### Requirement
Copy out every line of the material below, character for character, apart from the pictures.

### Records for this task
........
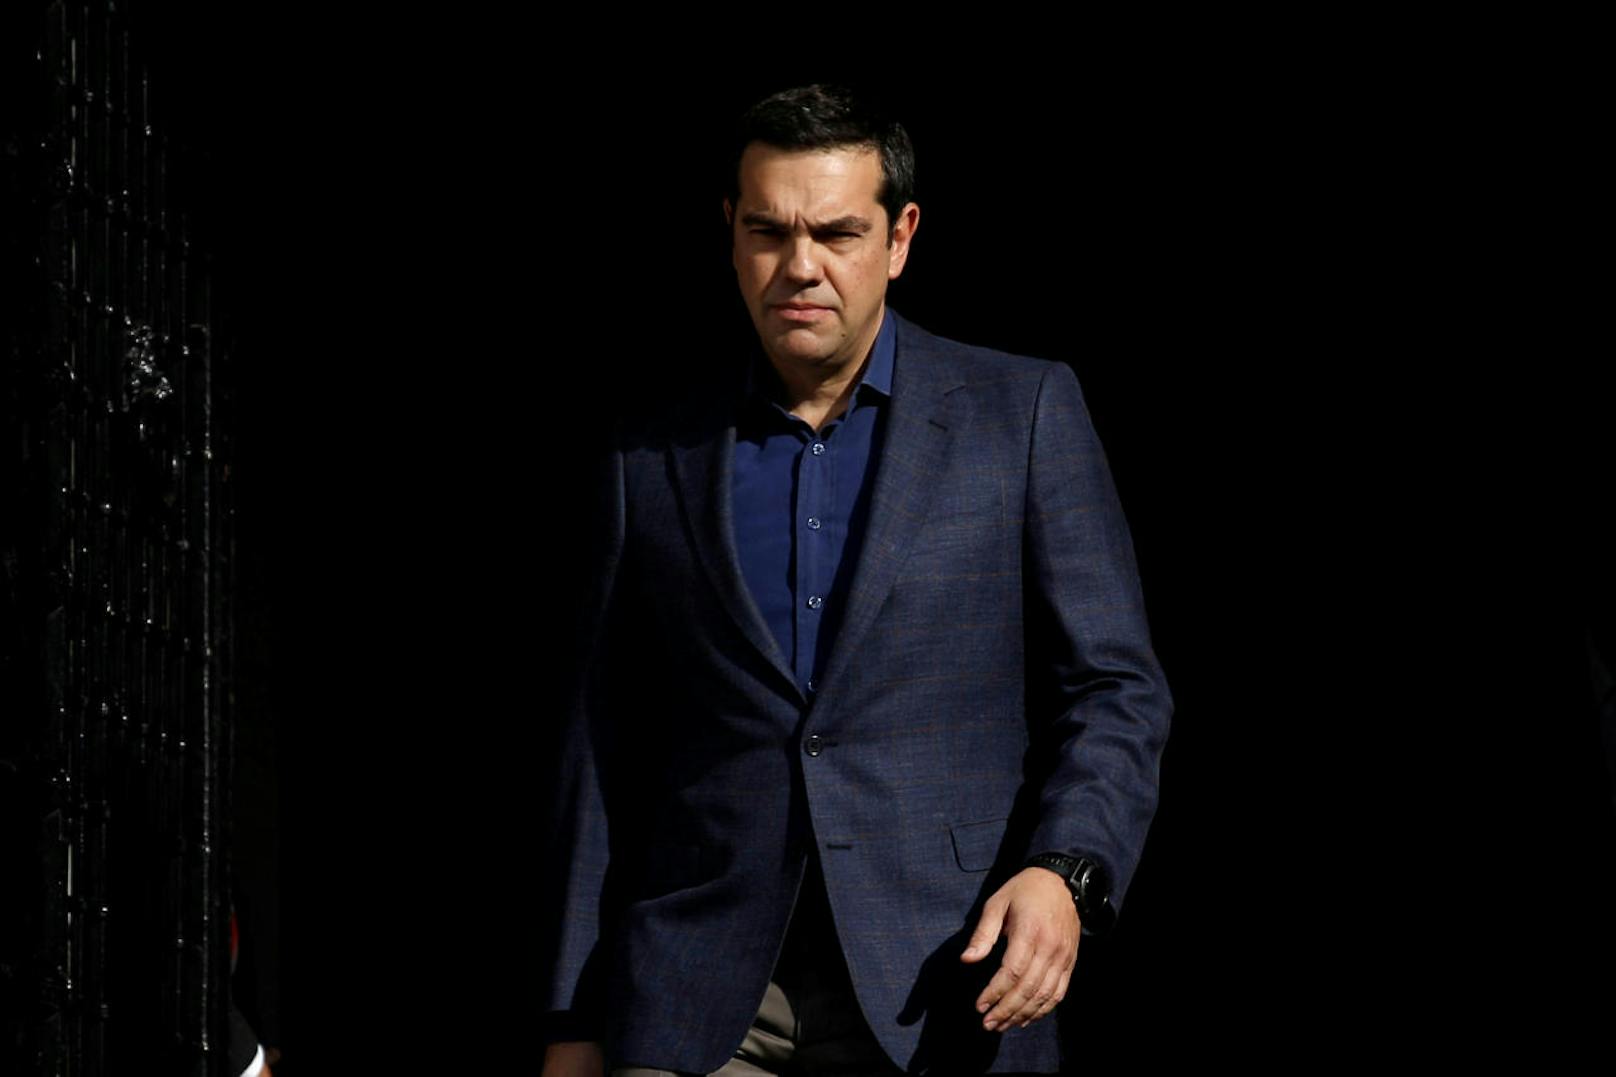 <b>Platz 39: Griechenland</b>
Auf Platz 39 liegt Griechenland. Dessen Premier Alexis Tsipras verdient jährlich <b>66.900 Euro</b>, was knapp dem Dreifachen eines landesüblichen Durchschnittseinkommens von 23.900 Euro entspricht.
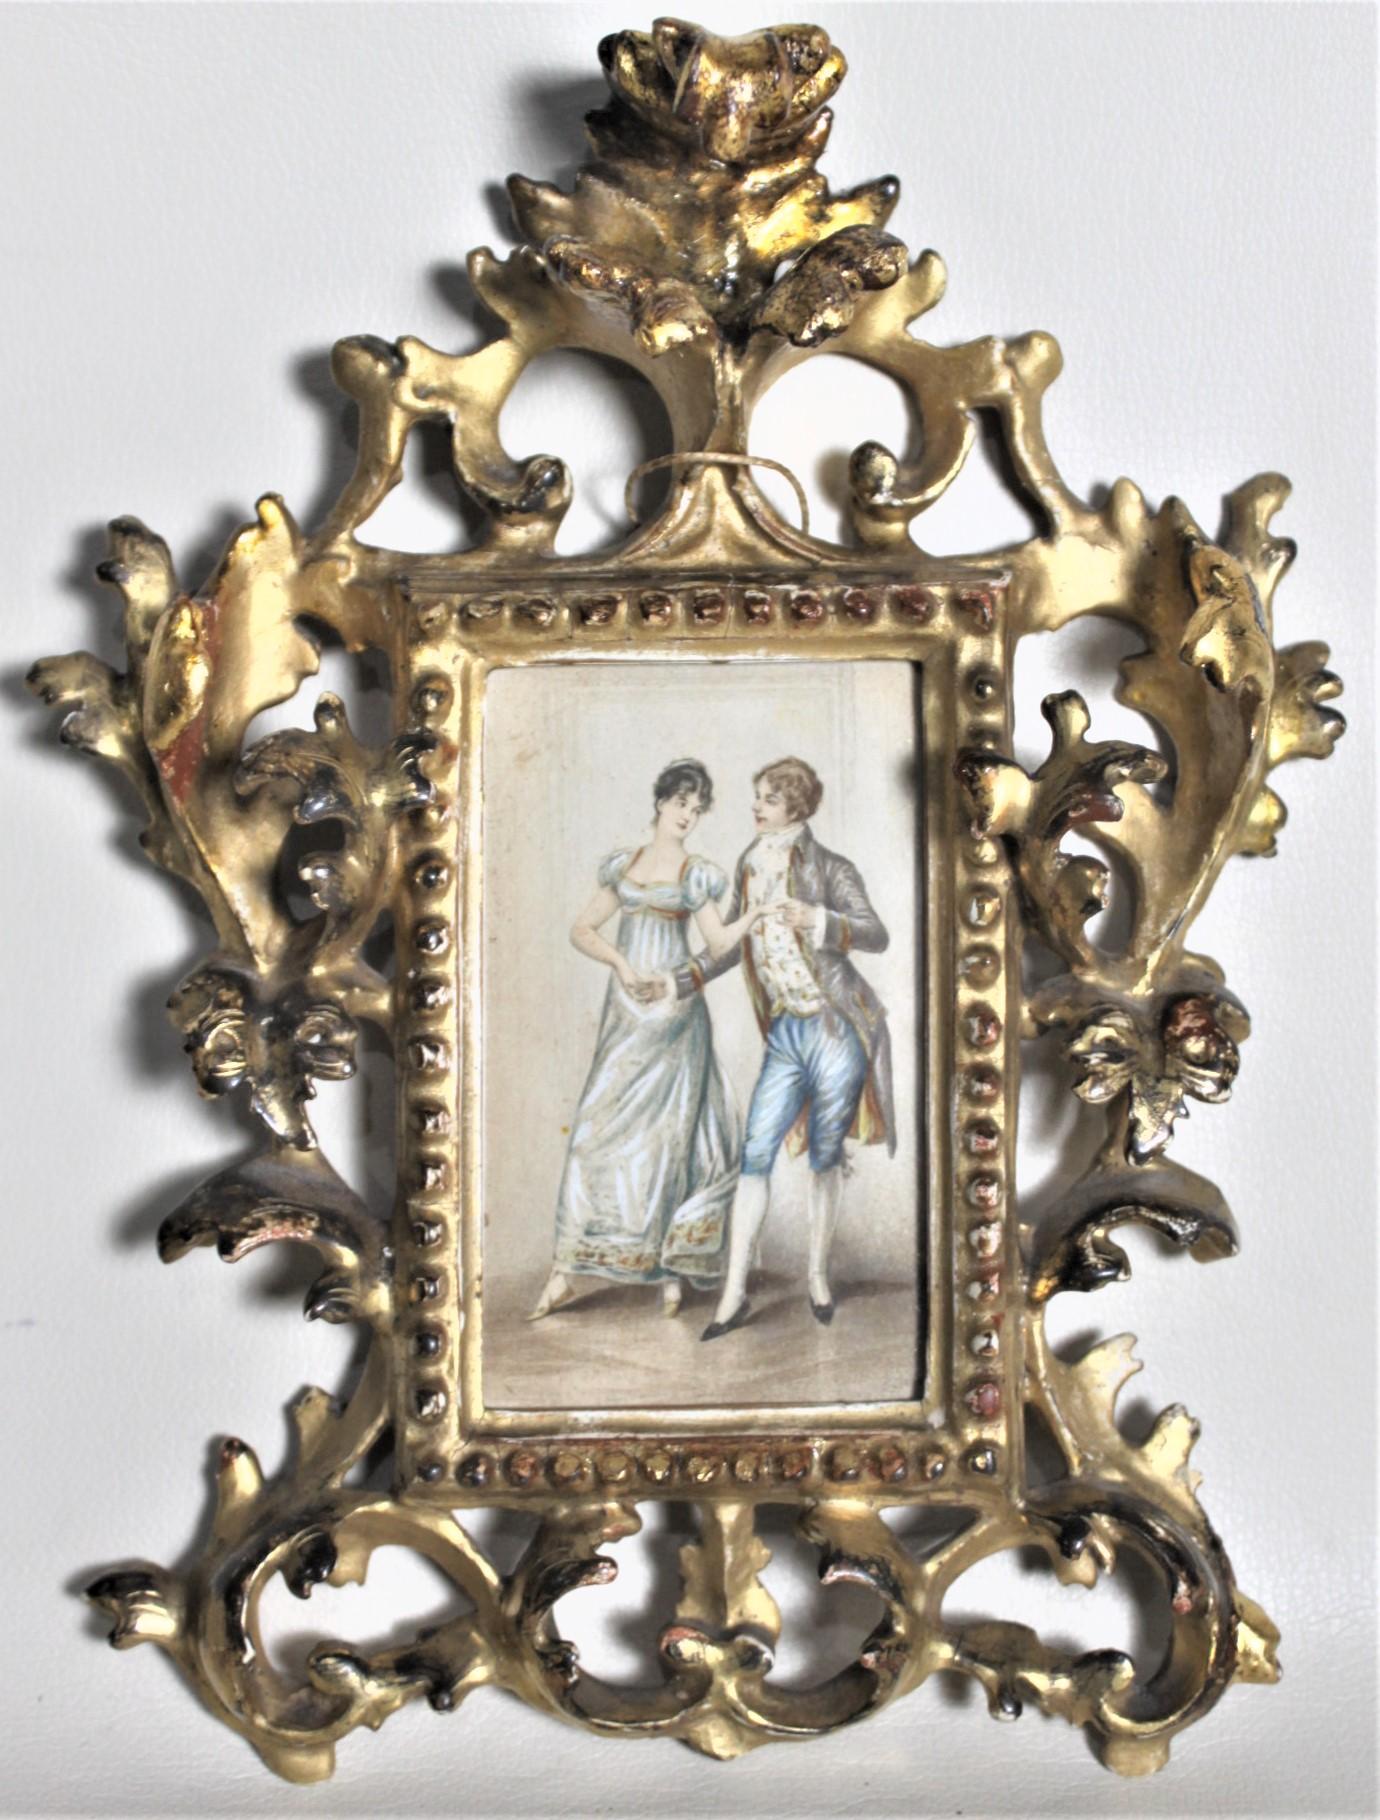 Cette paire d'aquarelles anciennes a été réalisée par un artiste inconnu, probablement de France ou d'Italie, vers 1880, dans un style Renaissance. Les tableaux représentent chacun un couple dans une salle de bal, vêtu de costumes Renaissance
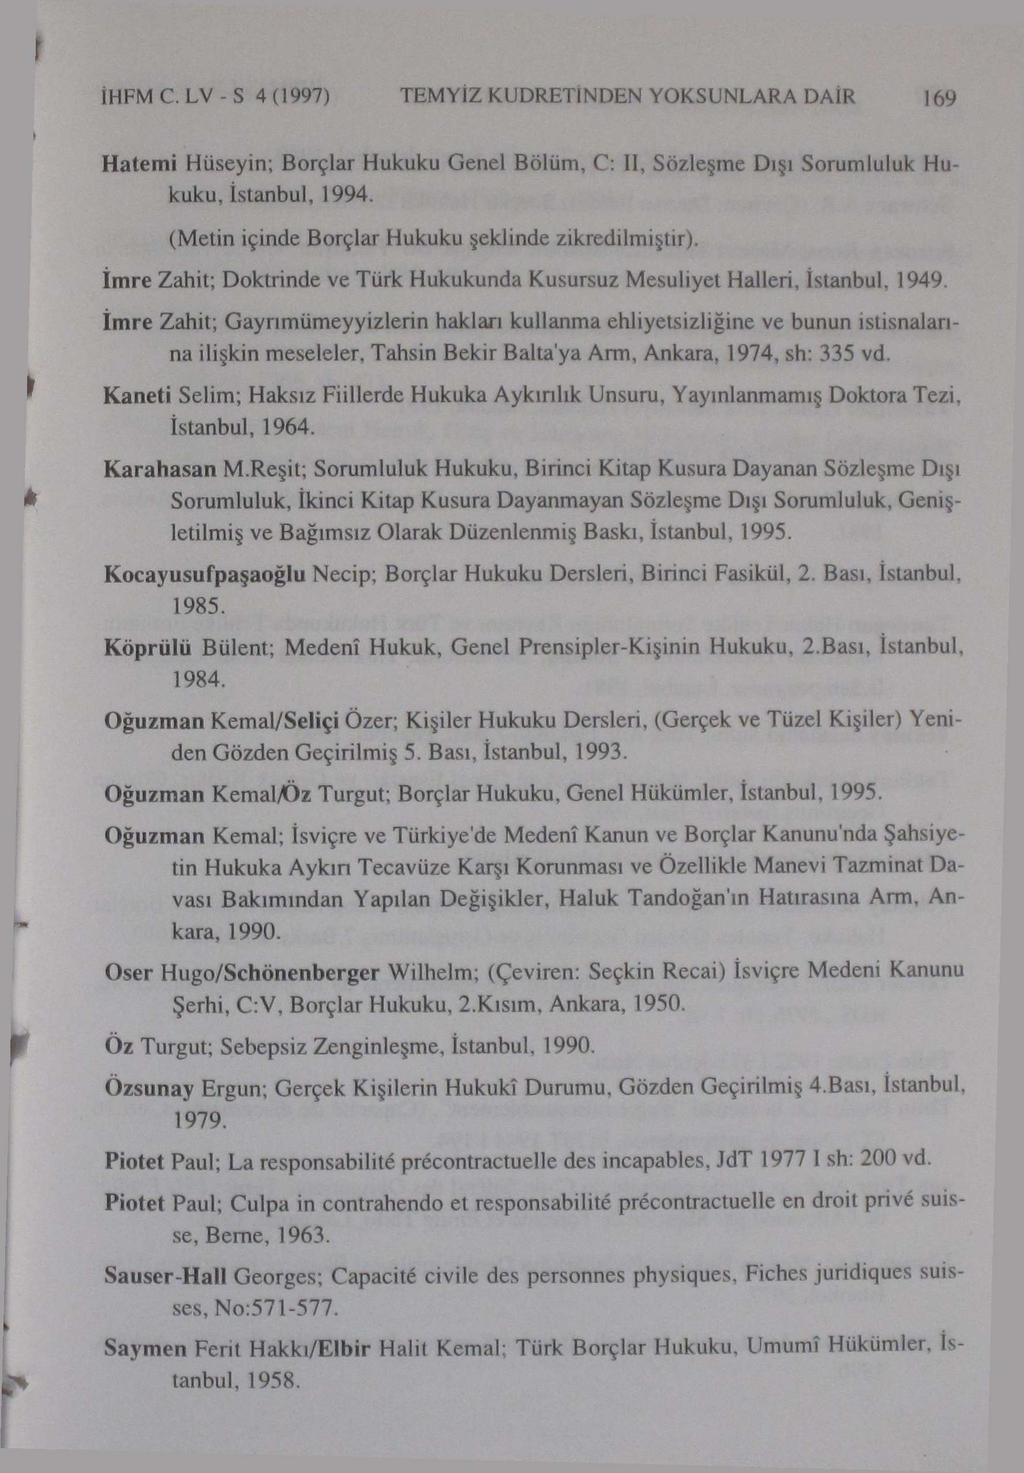 1HFMC.LV-S 4(1997) TEMYİZ KUDRETİNDEN YOKSUNLARA DAİR 169 Hatemi Hüseyin; Borçlar Hukuku Genel Bölüm, C: II, Sözleşme Dışı Sorumluluk Hukuku, İstanbul, 1994.
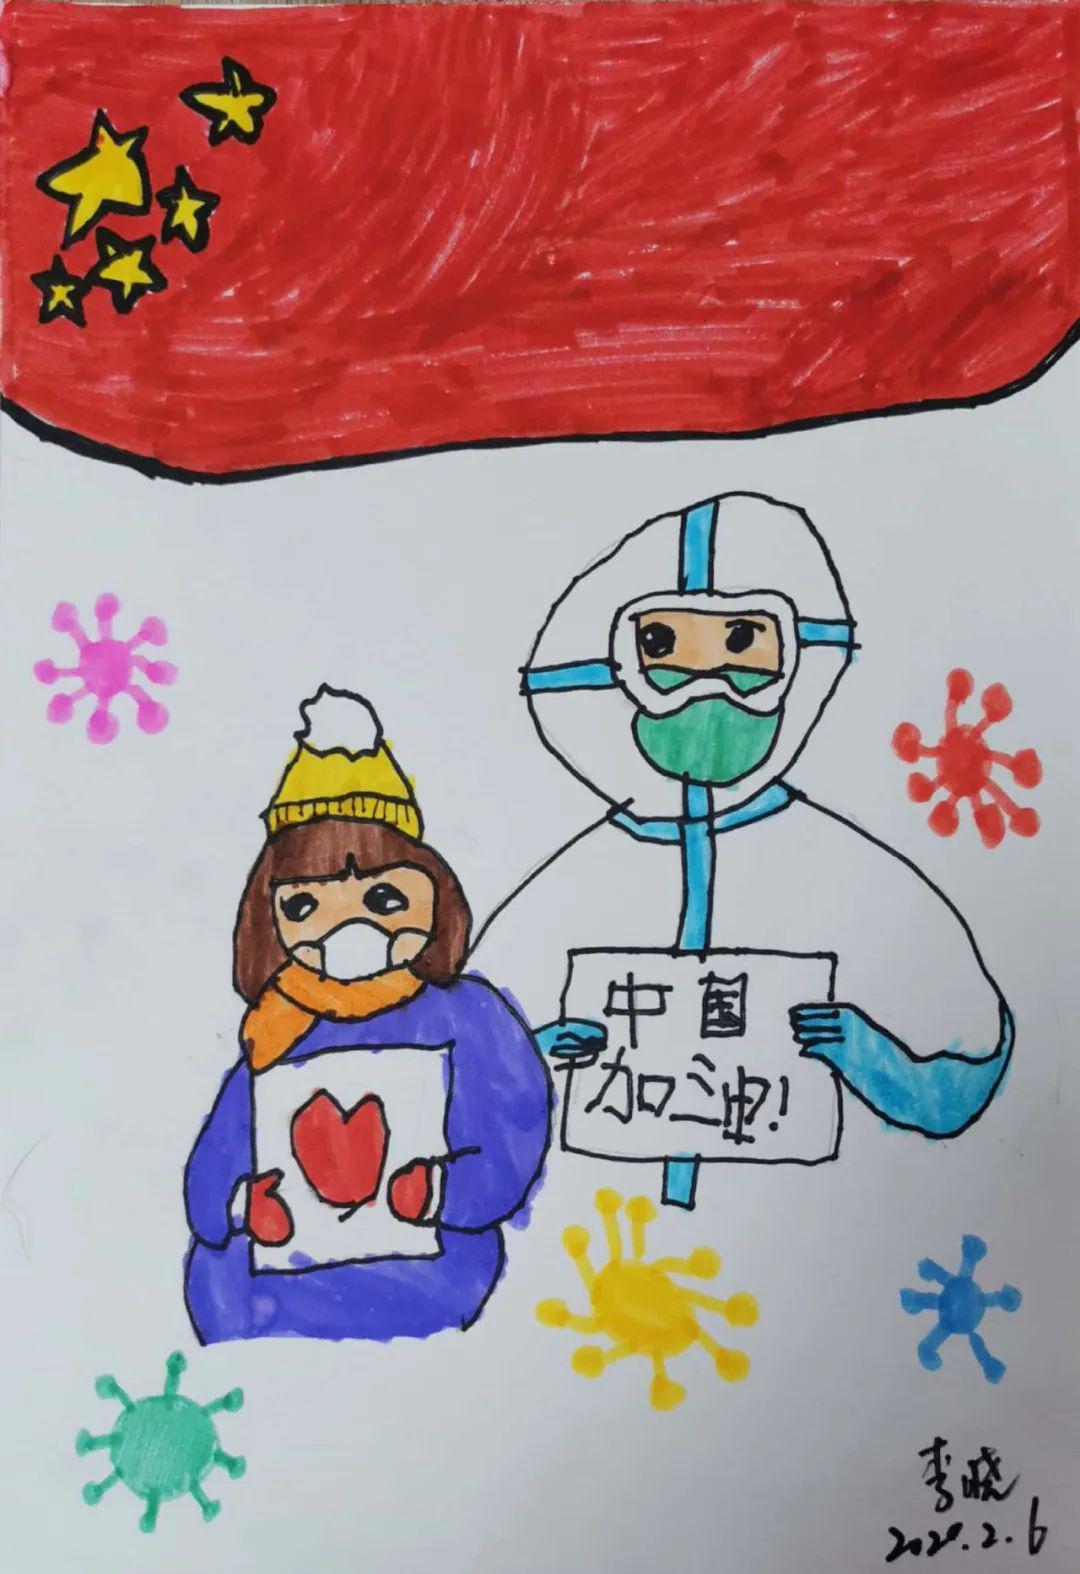 "童心聚力同抗疫"——南京市少年儿童绘画征集活动作品选(40)
........
### Exercise answer
 <b>Platz 39: Griechenland</b>
Auf Platz 39 liegt Griechenland. Dessen Premier Alexis Tsipras verdient jährlich <b>66.900 Euro</b>, was knapp dem Dreifachen eines landesüblichen Durchschnittseinkommens von 23.900 Euro entspricht.
 Cette paire d'aquarelles anciennes a été réalisée par un artiste inconnu, probablement de France ou d'Italie, vers 1880, dans un style Renaissance. Les tableaux représentent chacun un couple dans une salle de bal, vêtu de costumes Renaissance
 1HFMC.LV-S 4(1997) TEMYİZ KUDRETİNDEN YOKSUNLARA DAİR 169 Hatemi Hüseyin; Borçlar Hukuku Genel Bölüm, C: II, Sözleşme Dışı Sorumluluk Hukuku, İstanbul, 1994.
 "童心聚力同抗疫"——南京市少年儿童绘画征集活动作品选(40)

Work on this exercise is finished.